***** Provided material *****
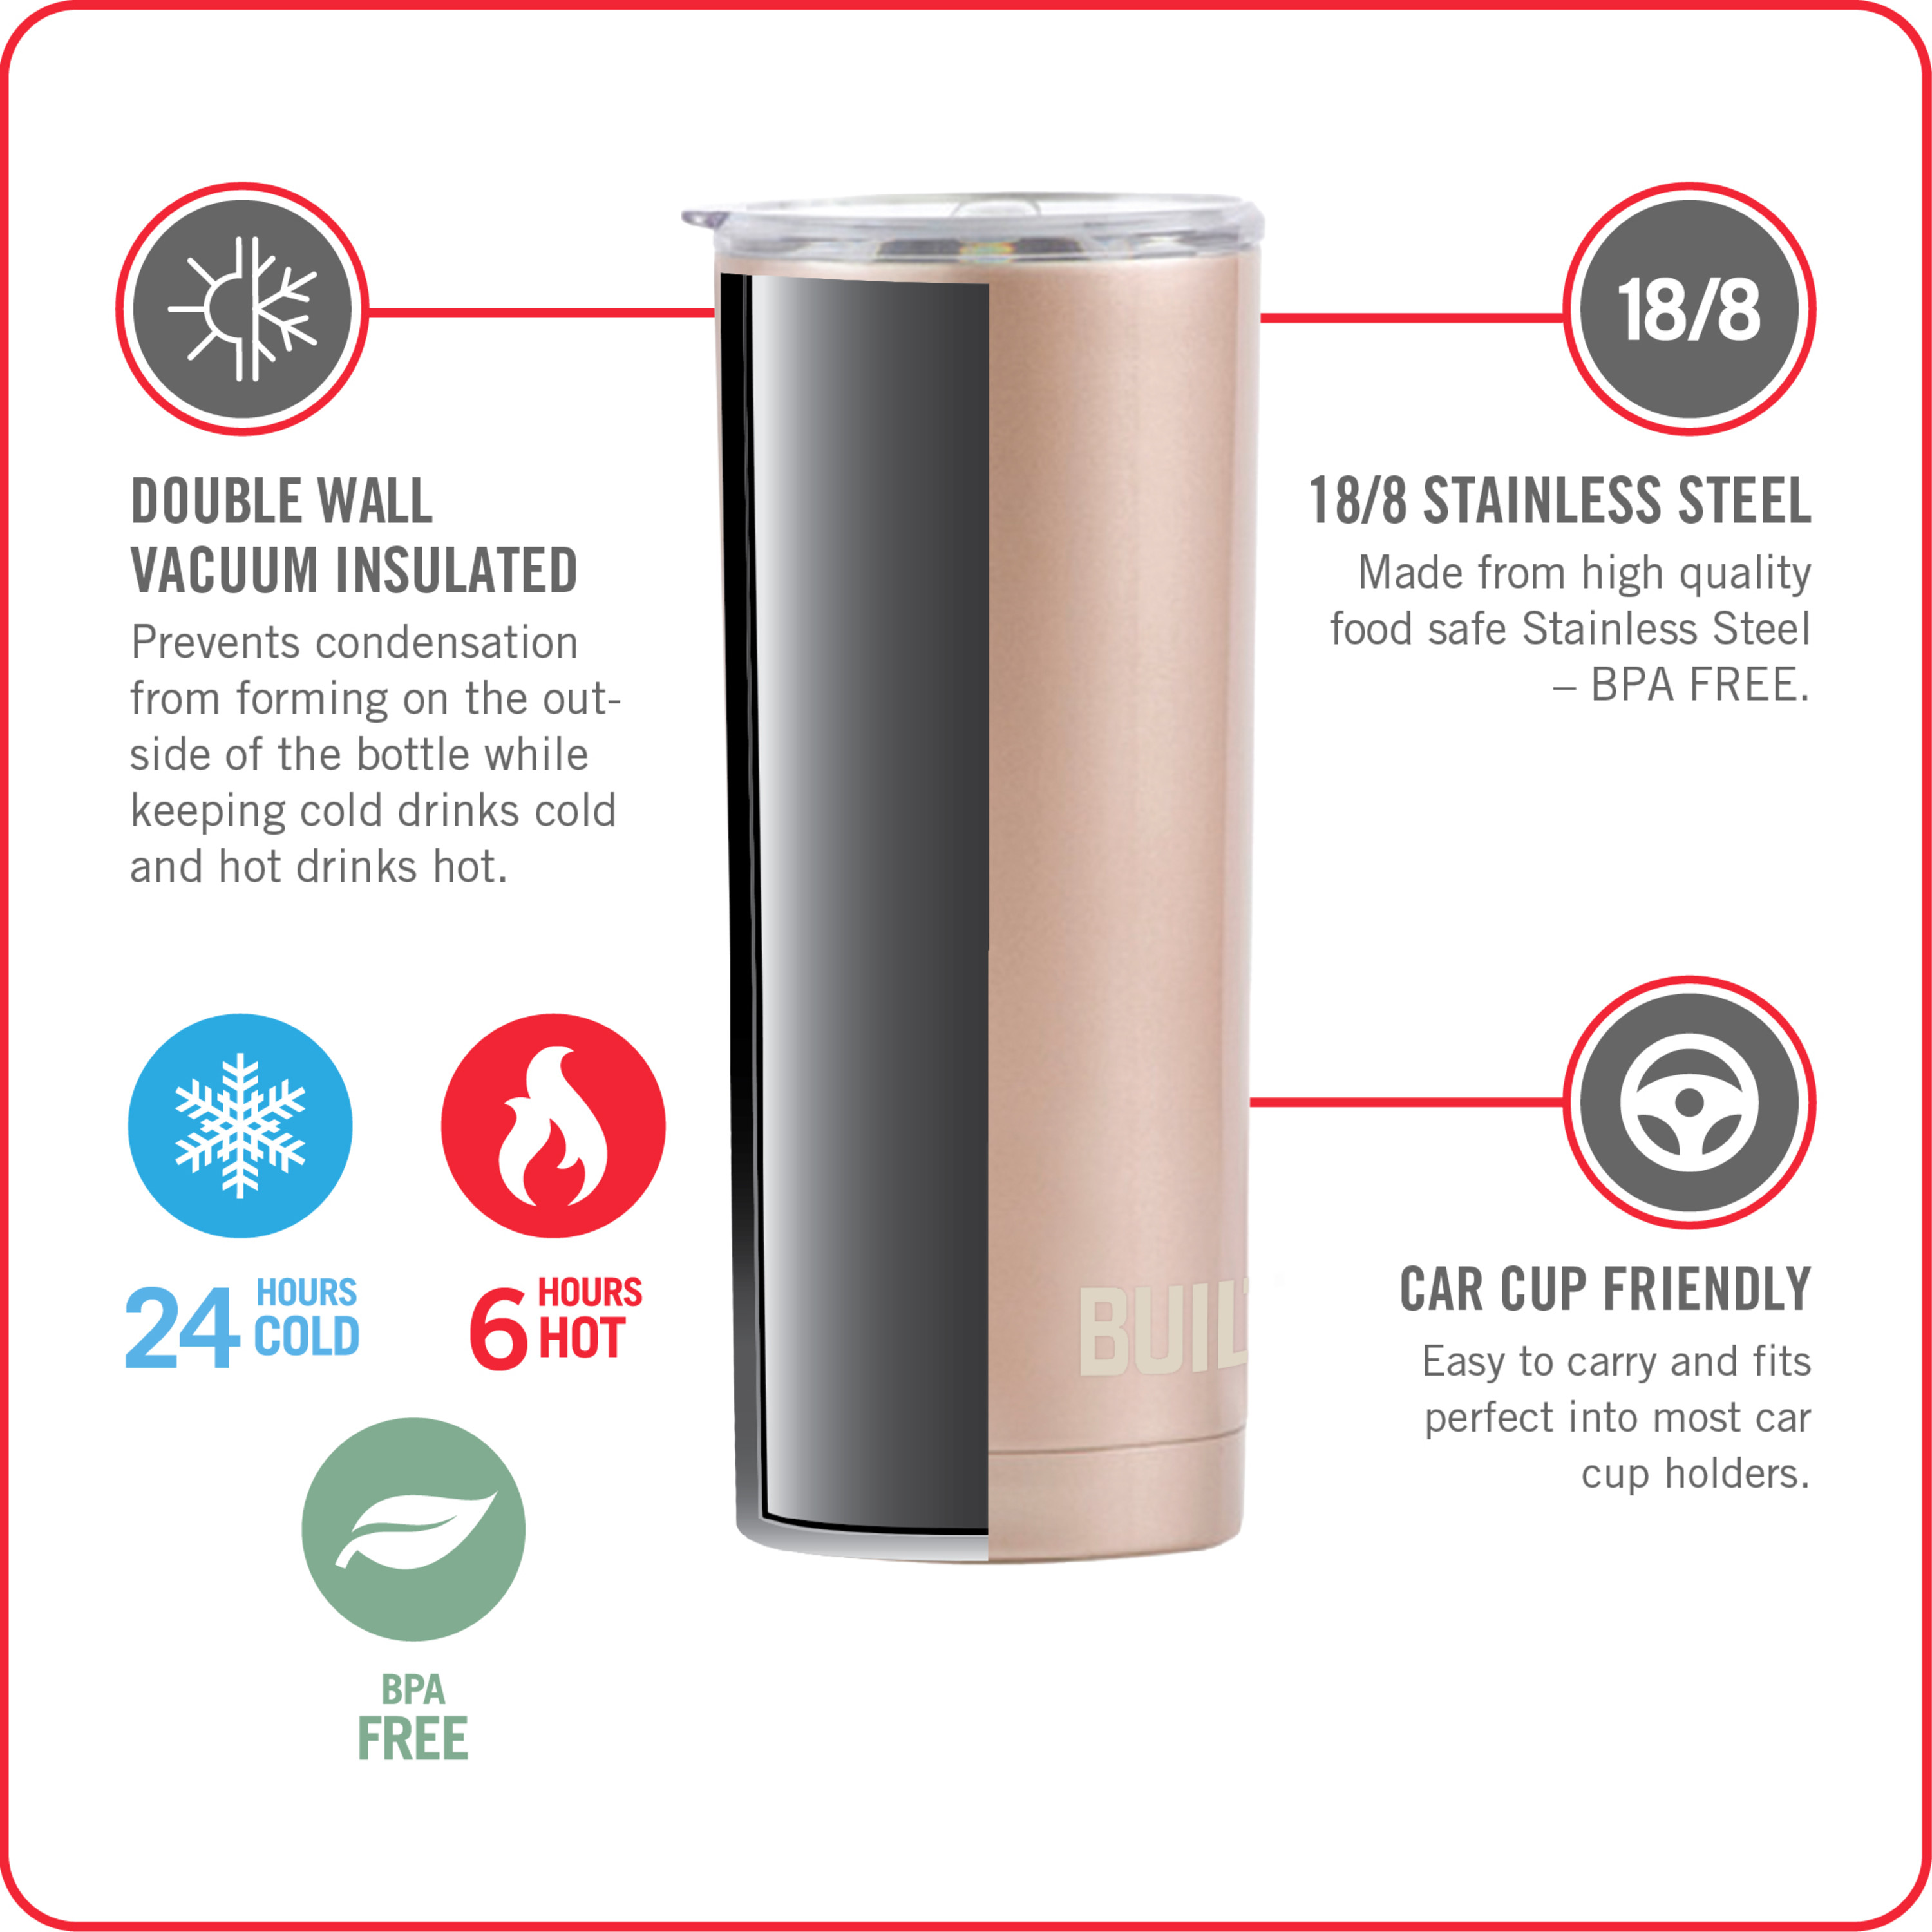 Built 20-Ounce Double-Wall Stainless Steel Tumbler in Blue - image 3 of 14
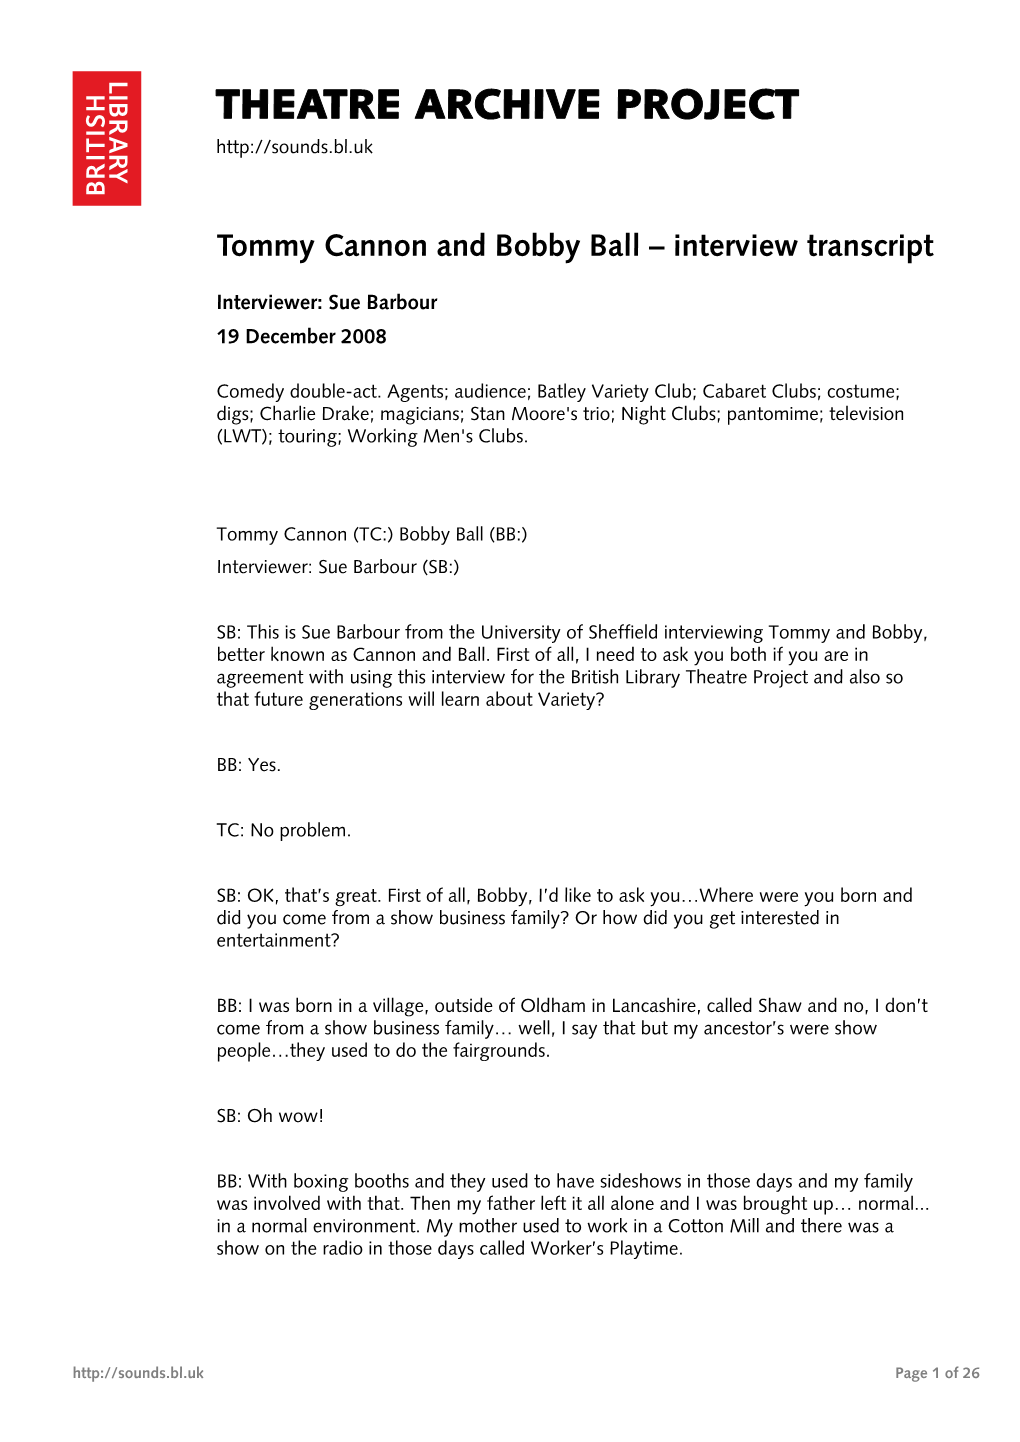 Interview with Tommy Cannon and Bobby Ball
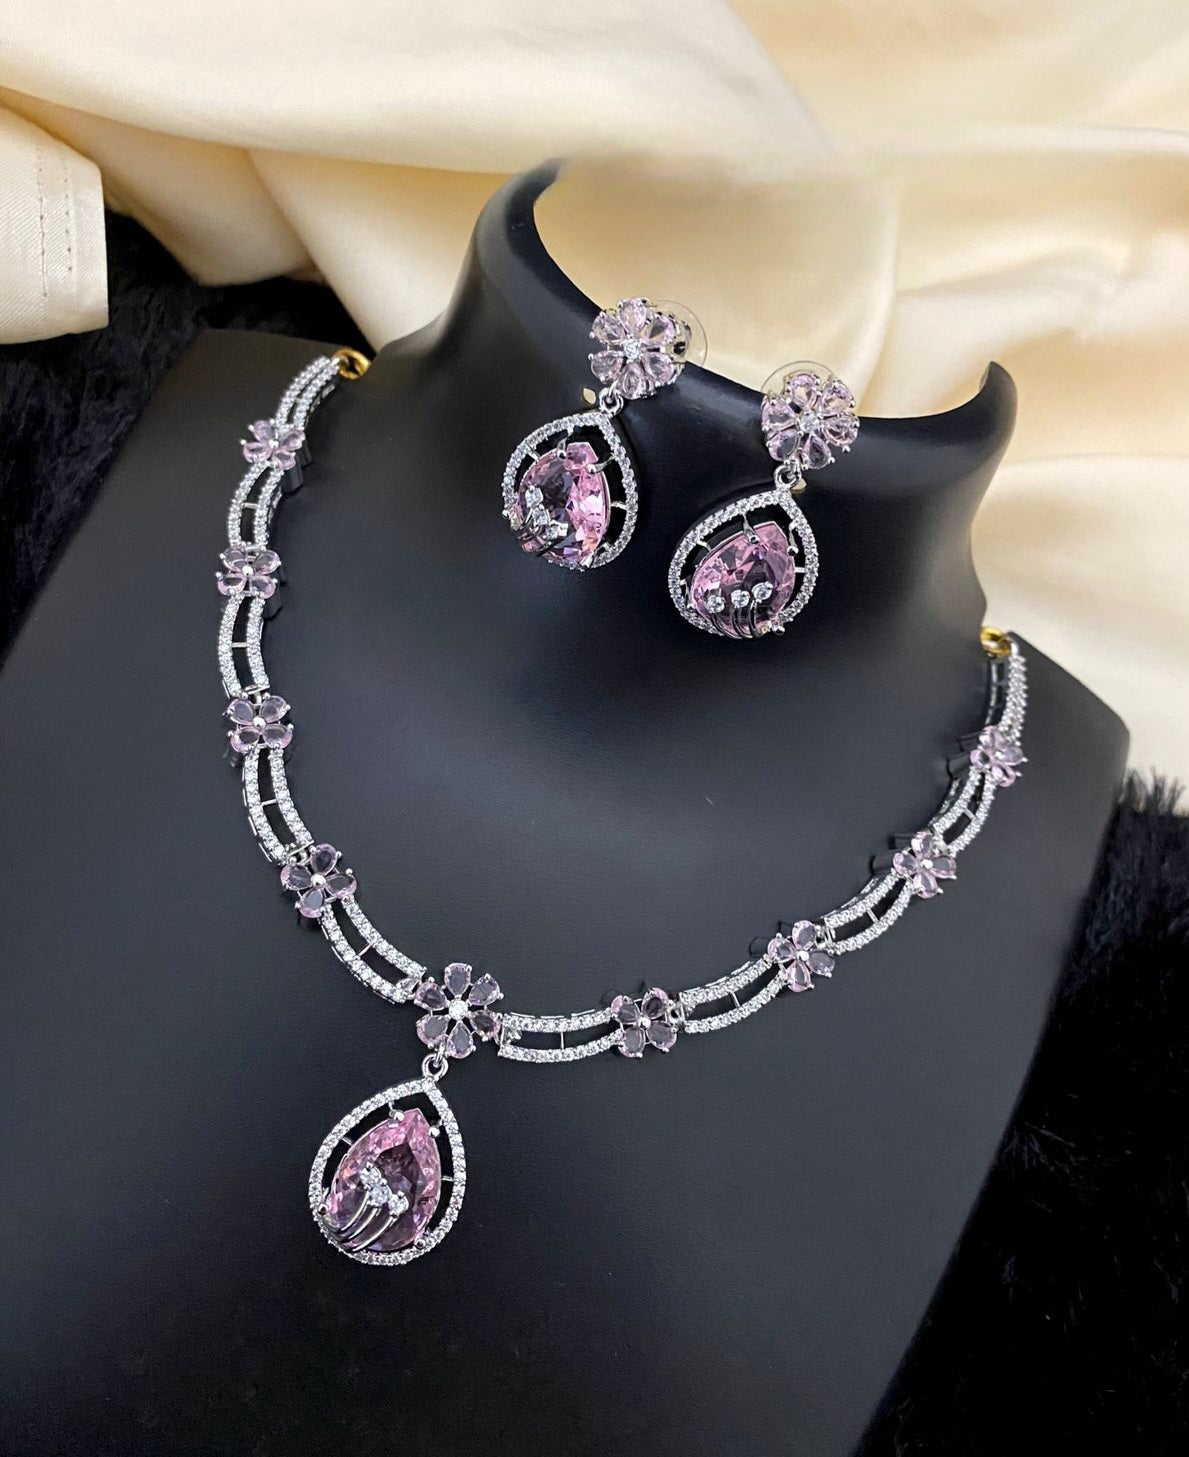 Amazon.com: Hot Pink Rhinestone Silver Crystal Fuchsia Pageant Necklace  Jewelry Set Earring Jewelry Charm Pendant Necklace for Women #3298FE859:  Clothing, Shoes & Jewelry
*****
Exercise =>
Write out all the data exactly, minus pictures.

Result of this exercise =>
 Built 20-Ounce Double-Wall Stainless Steel Tumbler in Blue - image 3 of 14
 Interview with Tommy Cannon and Bobby Ball
 Amazon.com: Hot Pink Rhinestone Silver Crystal Fuchsia Pageant Necklace  Jewelry Set Earring Jewelry Charm Pendant Necklace for Women #3298FE859:  Clothing, Shoes & Jewelry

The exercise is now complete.